11/28/2017
Ordway bird species is a table of records of birds captured and released at the Katharine Ordaway natural History study area.
There are mistakes in the data entry. The variable SpeciesName
needs some fixing. It identifies each of the species of birds, the some of the spelling of the birds with similar names varies. This leads so misclassifications of birds. There is also month and day variables that have issues as well.
The data table OrdwaySpeciesNames
collects together all the different types of names. The assignment is basically creating a manual for birders to guide them to the correct time of year to visit ordway to see a particular species.
Getting the data table:
OrdwayBirds <- OrdwayBirds %>% select(SpeciesName, Month, Day) %>% mutate(Month= as.numeric(as.character(Month)), Day= as.numeric(as.character(Day)))
The mutate()
function arranges month and day as numerical variables.
Including Mis-spellings, how many different species are there in OrdwayBirds data?
Make a data table that gives the number of the distinct species in the SpeciesNameCleaned
variable in OrdwaySpeciesNames
. Using n_distinct()
is very helpful counting the number of unique values in a variable.
OrdwayBirds %>% summarise(count = n_distinct(SpeciesName))
## count ## 1 275
New data table:
OrdwaySpecNameCount <- OrdwaySpeciesNames %>% summarise(count = n_distinct(SpeciesNameCleaned)) OrdwaySpecNameCount
## count ## 1 109
Use the OrdwaySpeciesNames table to create a new data table that corrects the mispellings in SpeciesNames
. Can be done by easily using the inner_join()
data verb.
Corrected <- OrdwayBirds %>% inner_join( OrdwaySpeciesNames) %>% select(Species = SpeciesNameCleaned, Month, Day) %>% na.omit() # Cleans up the missing ones
Look at the names of the varibles in OrdwaySpeciesNames and OrdwayBirds:
Whch variable was used for matching cases?
What were the variables that will be added?
Count how many bird captures there are of each of the corrected species.

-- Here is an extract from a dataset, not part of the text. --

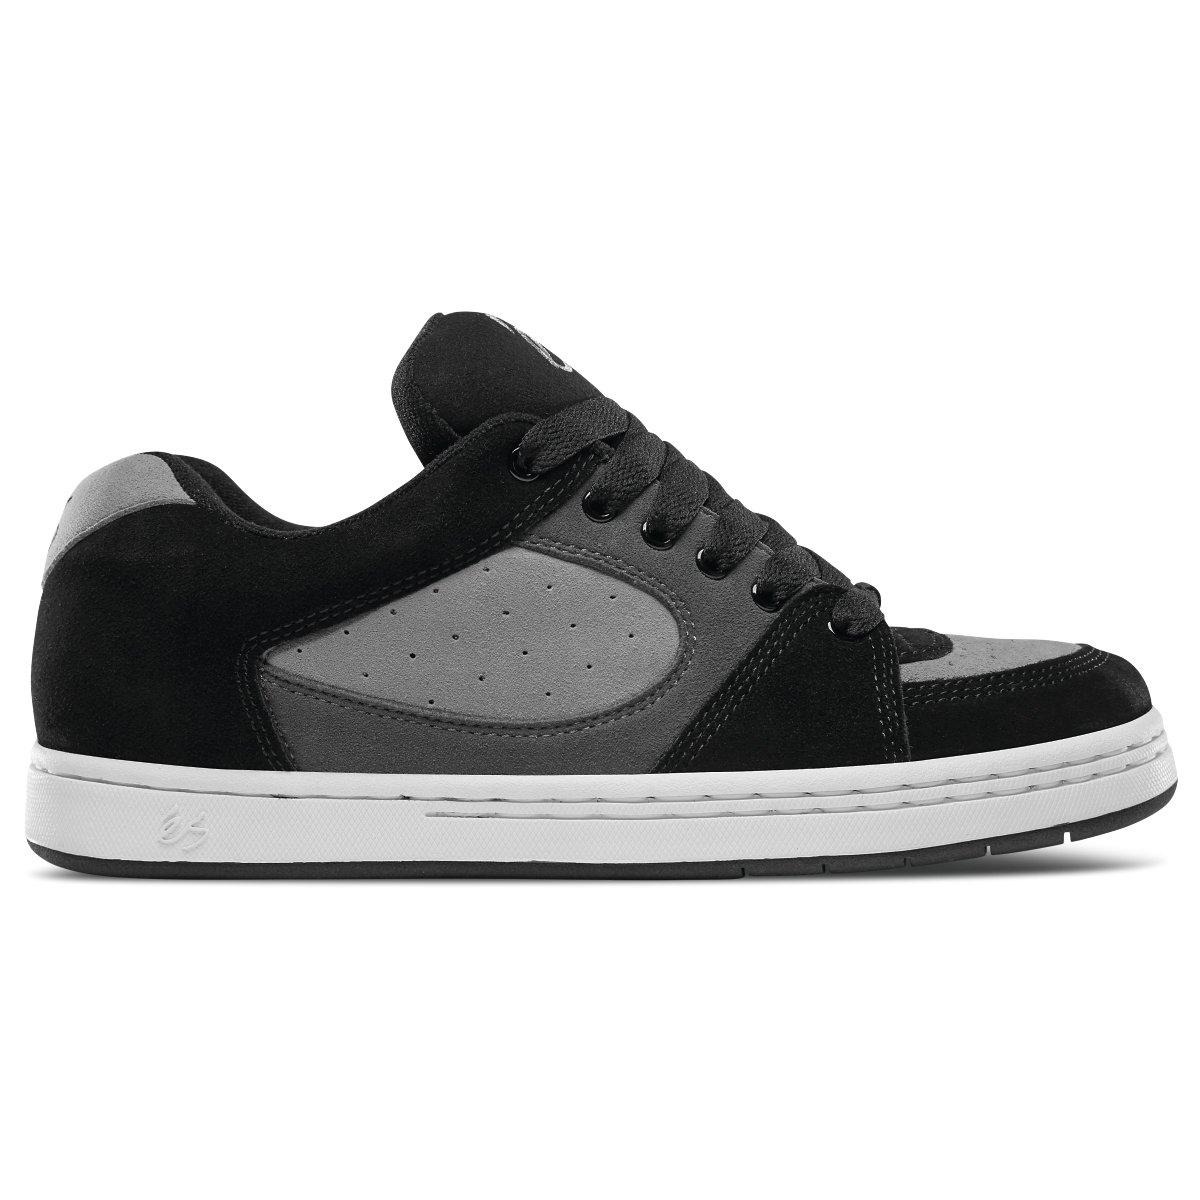 negro Y gris eS Accel Og negro

You can call the data table that contains the count, CountCorrect
. Arrange this into descending order from the species with the most birds and look through the list.
CountCorrect <- Corrected %>% group_by(Species) %>% summarise(count=n()) %>% arrange(desc(count))
Define for yourself a "major species" as a species with more than a particular threshold count. Set your threshold so that there are 5 or 6 species designated a major
Filter to produce a data table with only the birds that belong to a major species. Save the output in a table called Majors
.
topSixSpec <- CountCorrect %>% head(n = 6) %>% .$Species topSixSpec
## [1] "Slate-colored Junco" "Tree Swallow" ## [3] "Black-capped Chickadee" "American Goldfinch" ## [5] "Field Sparrow" "Lincoln's Sparrow"
Majors <- Corrected %>% filter(Species %in% topSixSpec)
Write a command that produces the month-by-month count of each of the major species. Call this table ByMonth.
ByMonth <- Majors %>% group_by(Species, Month) %>% summarise(count = n()) %>% arrange(Month)
Display this month-by-month count with a bar chart arranged in a way that will tell the story of what time of year the various species appear.
CrazyMonth <- monthAbbr <- with(Majors, plyr::mapvalues(Month, from = 1:12, to = month.abb)) CrazyMonth <- factor(CrazyMonth, levels = month.abb) Majors$Month <- CrazyMonth
Majors %>% ggplot(aes(x = Month)) + geom_bar() + facet_wrap(~ Species) + theme(axis.text.x=element_text(angle=45,hjust=1))
What time of year the various Species appear.
Overall, correcting the data allows for people to basically know what months are best for going to the Ordway to see particular species especially the major species. In the future trying to do minor species as well with a threshold then compare the months of the major and minor species.